Ferien vom gefährlichen Chaos

Der afghanische Schriftsteller Merajudien Wejda besucht in Münster seine Familie und studiert das Bundesland

Die abendliche Stille in den Straßen der Friedensstadt Münsters hat Wejdan in den ersten Tagen beruhigt. Professor Merajudien Wejdan ist blind und kommt aus Kabul. In der afghanischen Hauptstadt ruhen das Leben und die militärischen Auseinandersetzungen auch nachts nicht.

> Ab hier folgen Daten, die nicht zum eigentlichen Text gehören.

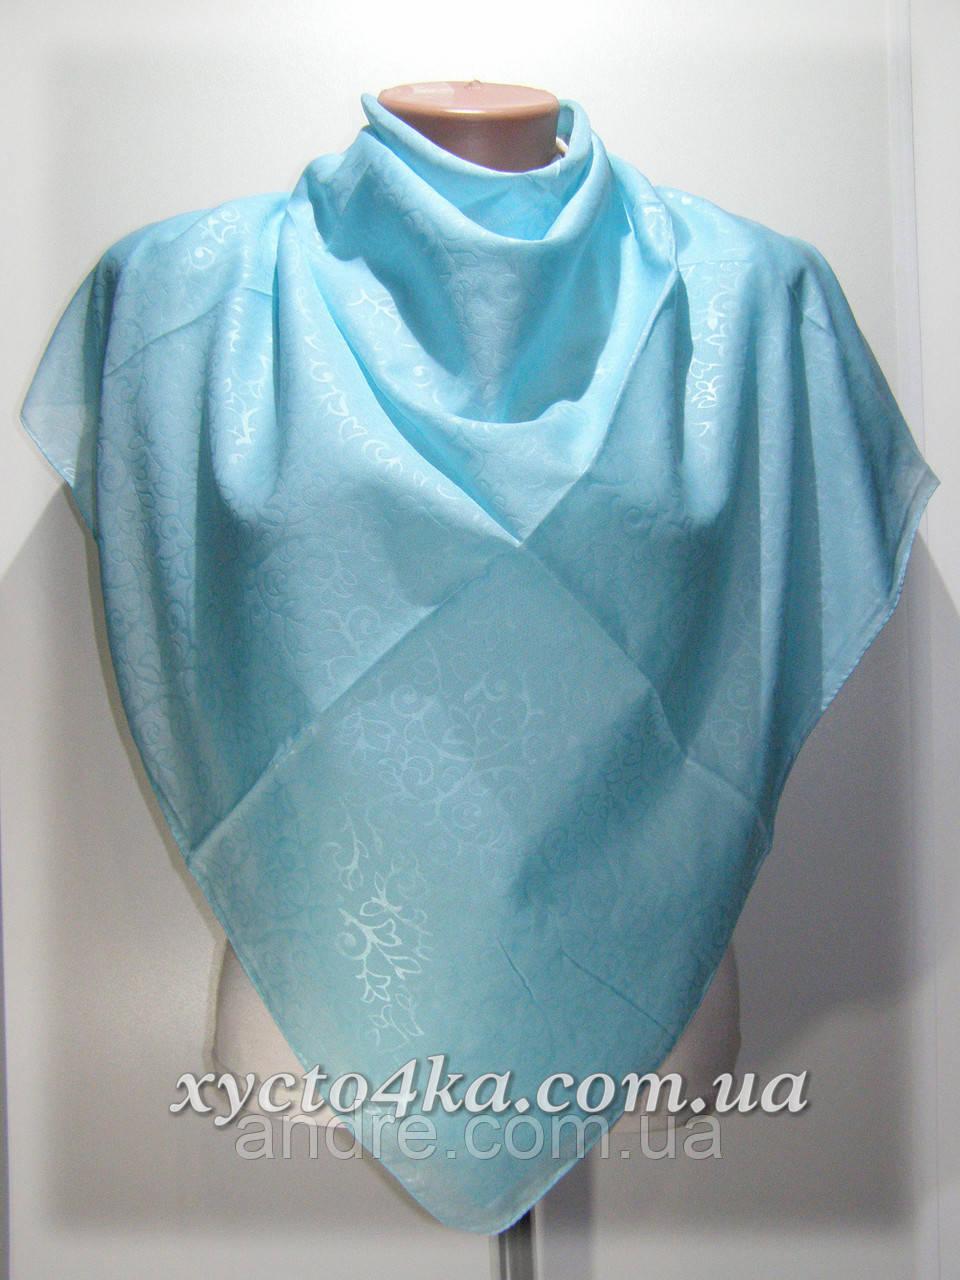 Натуральный платок класик, бирюза

Der 80-Jährige besucht seinen Sohn und dessen Familie, die seit elf Jahren in Münster leben und die er seitdem nicht mehr gesehen hat. Vier seiner fünf Söhne leben im Exil. Wejdan ist Historiker, Journalist und Dozent. Vor allen Dingen ist er Schriftsteller. Deshalb besucht er nicht nur seine Familie, sondern sammelt Eindrücke, sucht das Gespräch, besucht Menschen in der ganzen Bundesrepublik und stellt unendlich viele Fragen. „Er will wissen, wie das Leben hier ist, was die kleinen Leute beschäftigt, was sie denken und fühlen, um in seinem Land davon zu berichten und für Afghanistan zu lernen“, erklärt sein Übersetzer Emadudien Merajudien.

„Nichts darf verloren gehen“, sagt der Historiker, deshalb beschäftige er sich seit jeher so intensiv mit der Vergangenheit seines Landes. Sein viertes Buch über Geschichte und Entwicklung Afghanistans ist in Arbeit, verlegt wird es wohl im benachbarten Ausland. Die Druckereien und Verlage in Kabul sind noch nicht arbeitsfähig. Dennoch ist für ihn Afghanistan ein Land mit viel Potential und mit Hoffnung auf eine bessere Zukunft.

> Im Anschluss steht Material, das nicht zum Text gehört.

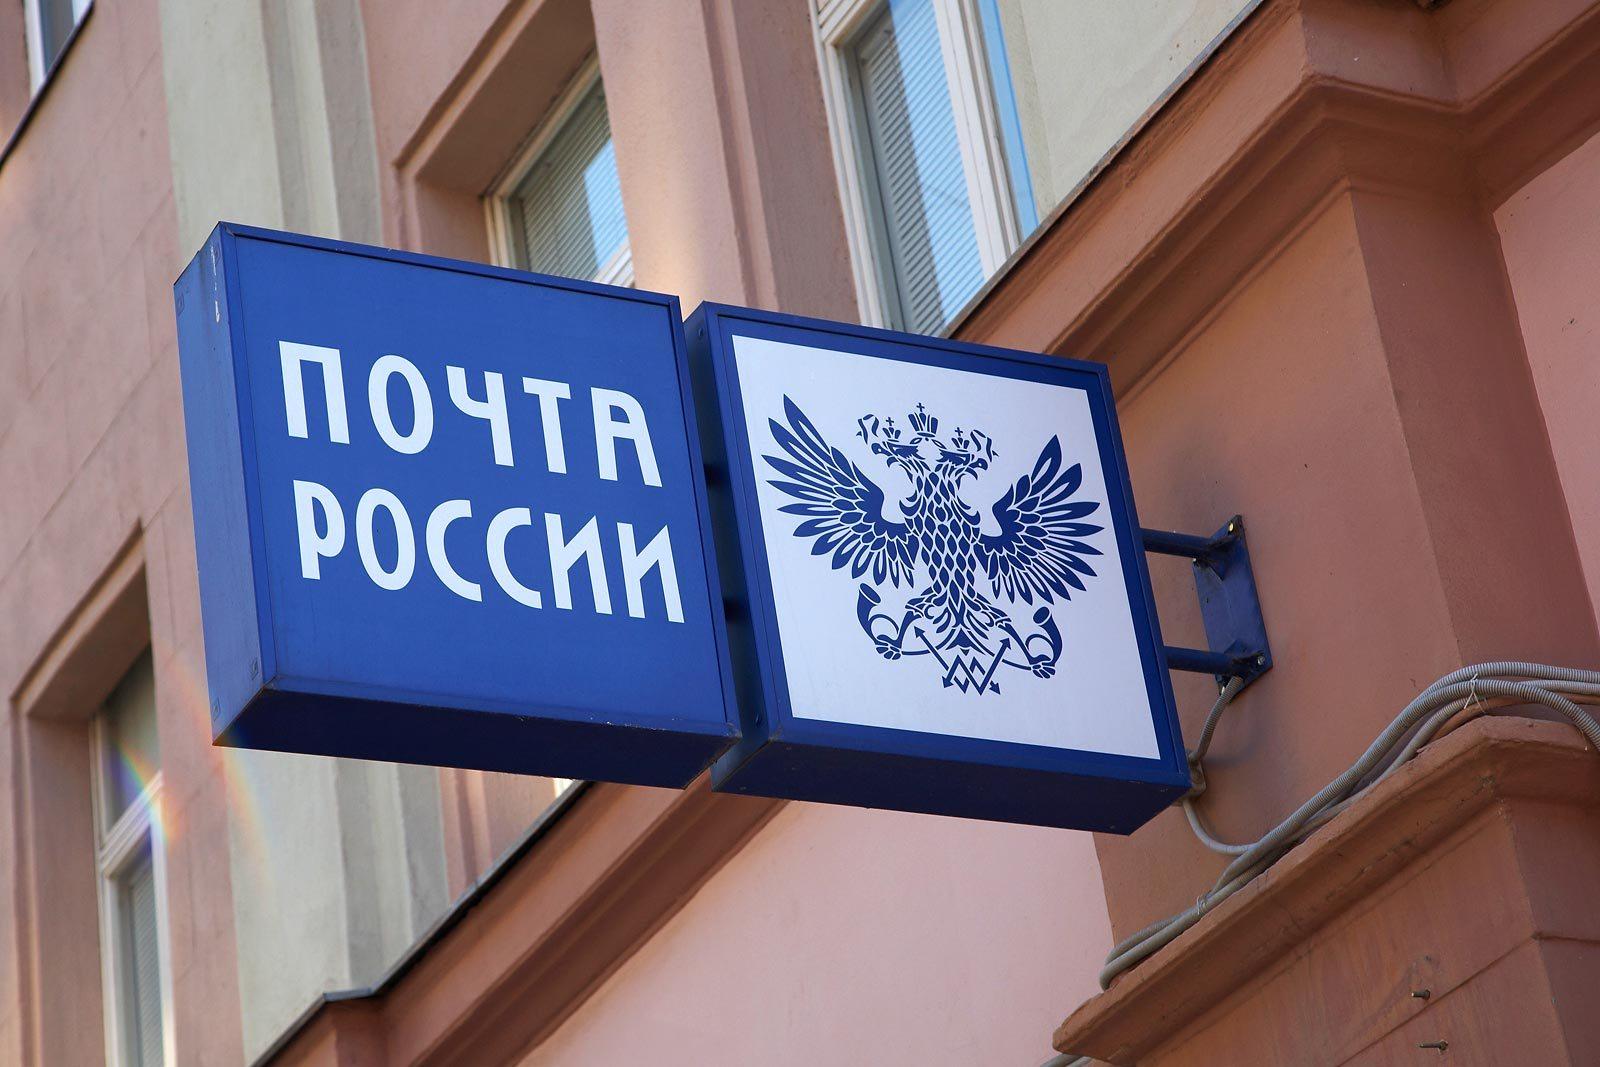 Временная регистрация на почте для иностранных граждан

Seit Wejdan vor einigen Jahren bei einem Unfall sein Augenlicht verloren hat, ist er auf die Augen seiner Mitmenschen angewiesen. So wandert er an der Seite seiner Schwiegertochter durch die Straßen Münsters. Dabei erzählt er ihr die Stadtgeschichte, denn er gehört noch zu einer Generation, für die die Geschichte und Kultur Deutschlands auf dem Lehrplan standen. „Ich lerne zum ersten Mal, was in Münster alles passiert ist“, lächelt seine Schwiegertochter. Durch den blinden Patriarchen bekommt die junge Frau einen neuen Blick auf ihre zweite Heimat.

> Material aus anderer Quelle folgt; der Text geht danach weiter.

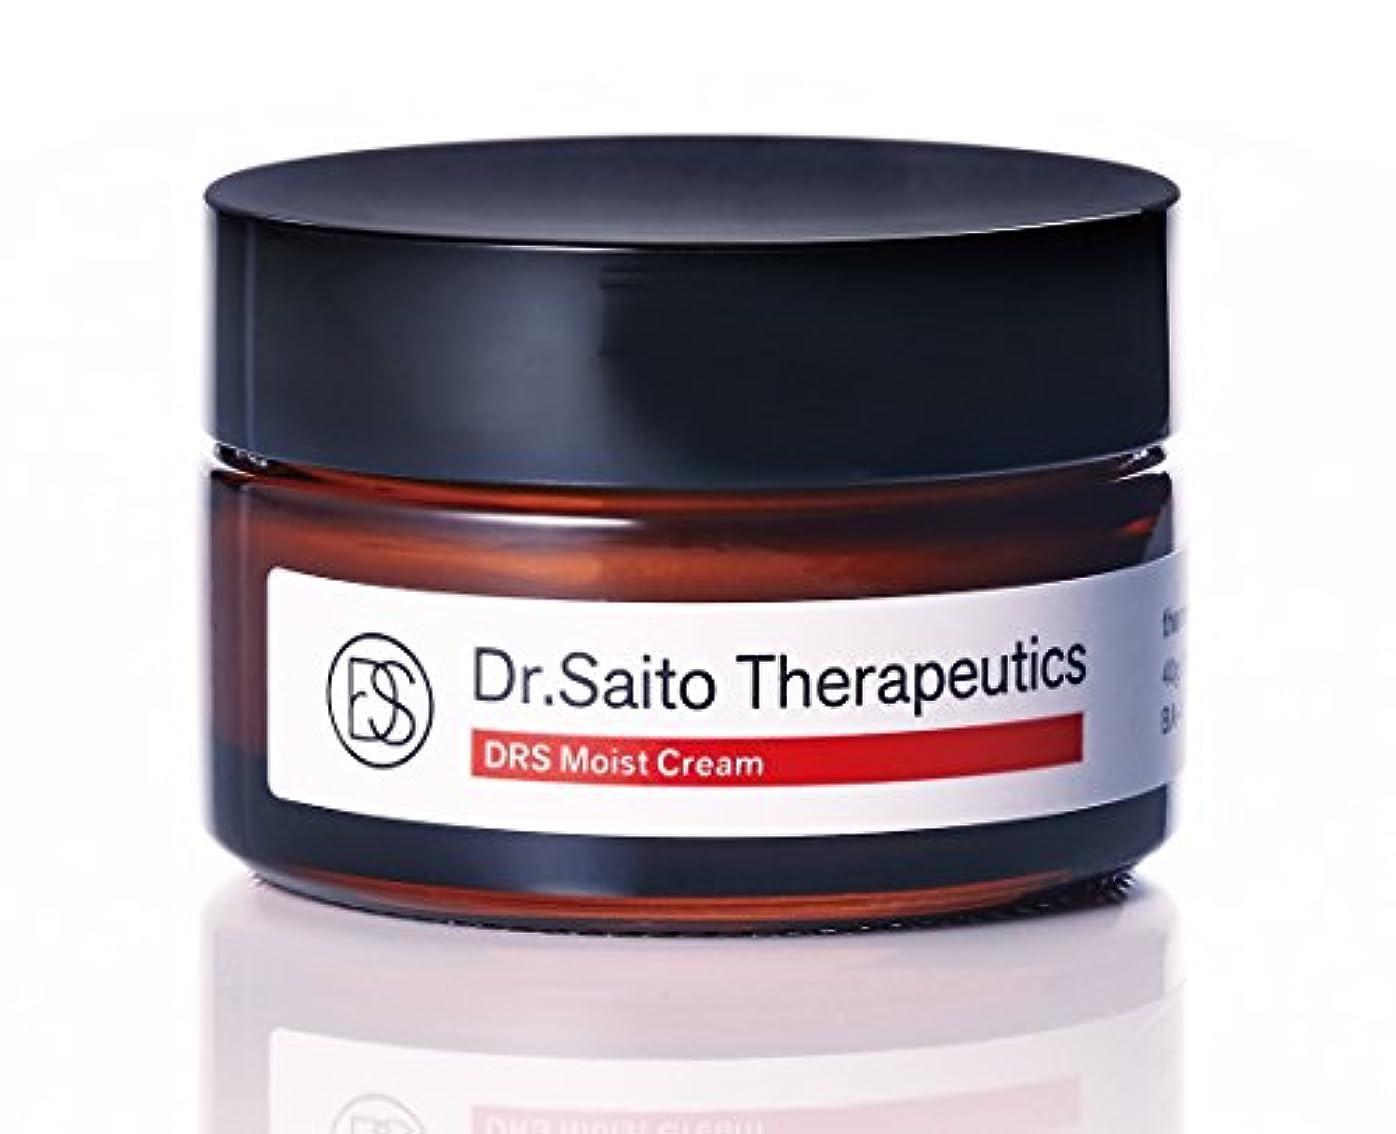 資金コンパニオン革命日本機能性医学研究所 Dr.Saito Therapeutics「DRS保湿クリーム」40g

Der ist Teil der intellektuellen Oberschicht seines Landes, hat studiert. Seine Familie gehört bis heute zu denen, die die Verhältnisse in Afghanistan mitbestimmen. Als Mitarbeiter des Kultur- und Informationsministeriums war er vor der Machtergreifung der Taliban mitverantwortlich für die Medien. Vor den Sektierern floh er zeitweise nach Pakistan, arbeitet nun für den Wiederaufbau seiner Heimat. Fortschritt bedeutet für den alten Mann auch, dass Frauen stärker an der Entwicklung mitarbeiten und es freut ihn, dass sieben Ministerposten in Afghanistan mit Frauen besetzt sind.

Im „starken Deutschland“, wie er es nennt, will er für sein „schwaches“ Heimatland Kontakte knüpfen. Denn der Wiederaufbau stockt, die Hilfsgelder kommen selten beim Volk an, zu oft wird das Geld der Geberländer an ausländische Firmen vergeben, statt mit einheimischen Arbeitskräften den Wiederaufbau voranzutreiben. Knapp drei Monate bereist Merajudien Wejdan die Bundesrepublik und beim Abschied vom Münster empfiehlt er seiner Enkelin ein bisschen selbstbewusster zu sein, um nicht unterzugehen in der Welt. Diese Sorge gilt auch seinem Land, dass bis heute Spielball geostrategischer Interessen ist. Dass die momentane Regierung in Kabul kürzlich beschlossen hat, öffentliche Aufträge nur noch an einheimische Firmen zu vergeben, ist vielleicht ein erster Schritt zu einem selbstbewussten und unabhängigen Afghanistan.